UCD Volunteers Overseas (UCDVO) will host it’s annual conference “Development Education & Pathways To Change” in the Global Lounge this Friday (December 1st) from 10:00 – 16.30. The conference comes in advance of the United Nations International Volunteer Day on 5th December. The conference will focus on the unique value of Critical Thinking and Development Education at a University level.
The event will also play host to a number of guests including Julia Canney who founded Consent at UCD and Dunnes striker Karen Gueron who famously refused to handle South African produce in protest against apartheid.As a result of public pressure in support of the strikers, in 1987, Ireland became the first Western government to put a
complete ban of South African goods in place. She met Nelson Mandela in 1994 and was invited to attend his funeral in 2014.

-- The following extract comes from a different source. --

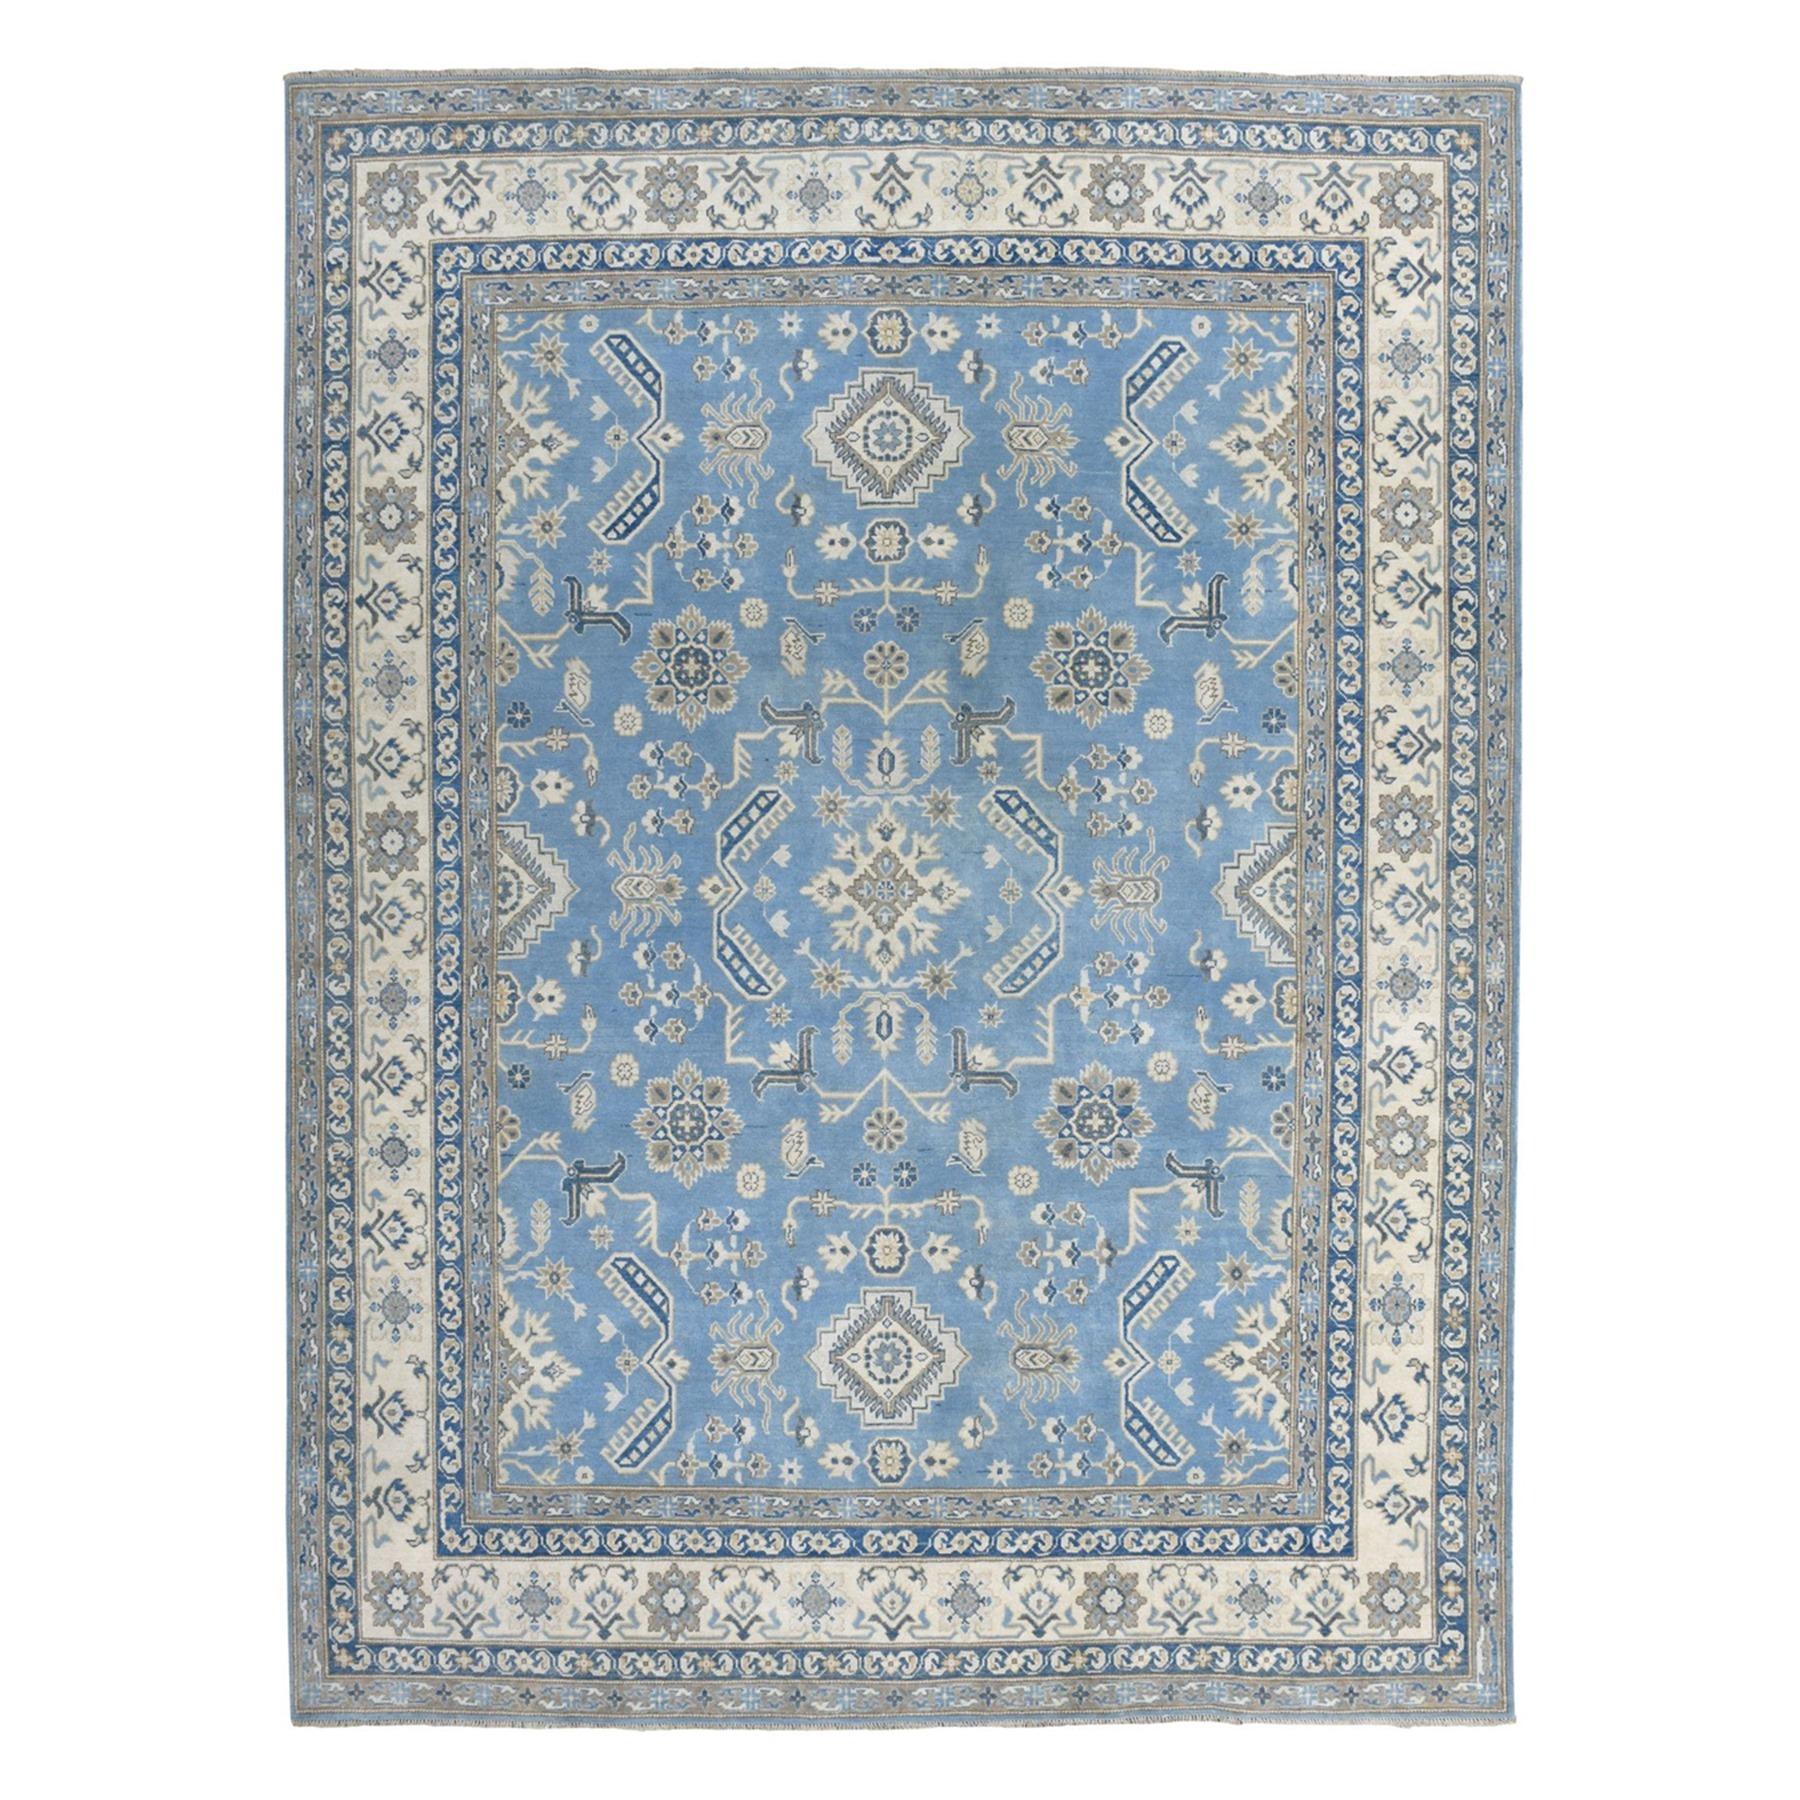 "8'2""X9'9"" Blue Vintage Look Kazak Geometric Design Hand-Knotted Oriental Rug moaeaaa8"

Artist and activist Will St. Ledger will also feature.St Ledger has been behind a number of bold installations, such as 100 fake landmines around Dublin’s parks to highlight landmine awareness and placing a life sized fake missile in the city centre for action on Syria. Will as part of the Storytelling panel will share his story and how he decided to
use “his creative superpowers for good”.
The key note speaker on the day will be Professor Vanessa Andreotti who works in the Department for Educational Studies at the University of British Columbia and is a leading thinker on global citizenship education. She has extensive experience working with governments, NGOs, professional associations and local communities in areas of education related to global justice & community engagement.Her work offers insights into how we can start to move together differently towards new forms of relationships and possibilities of co-existence.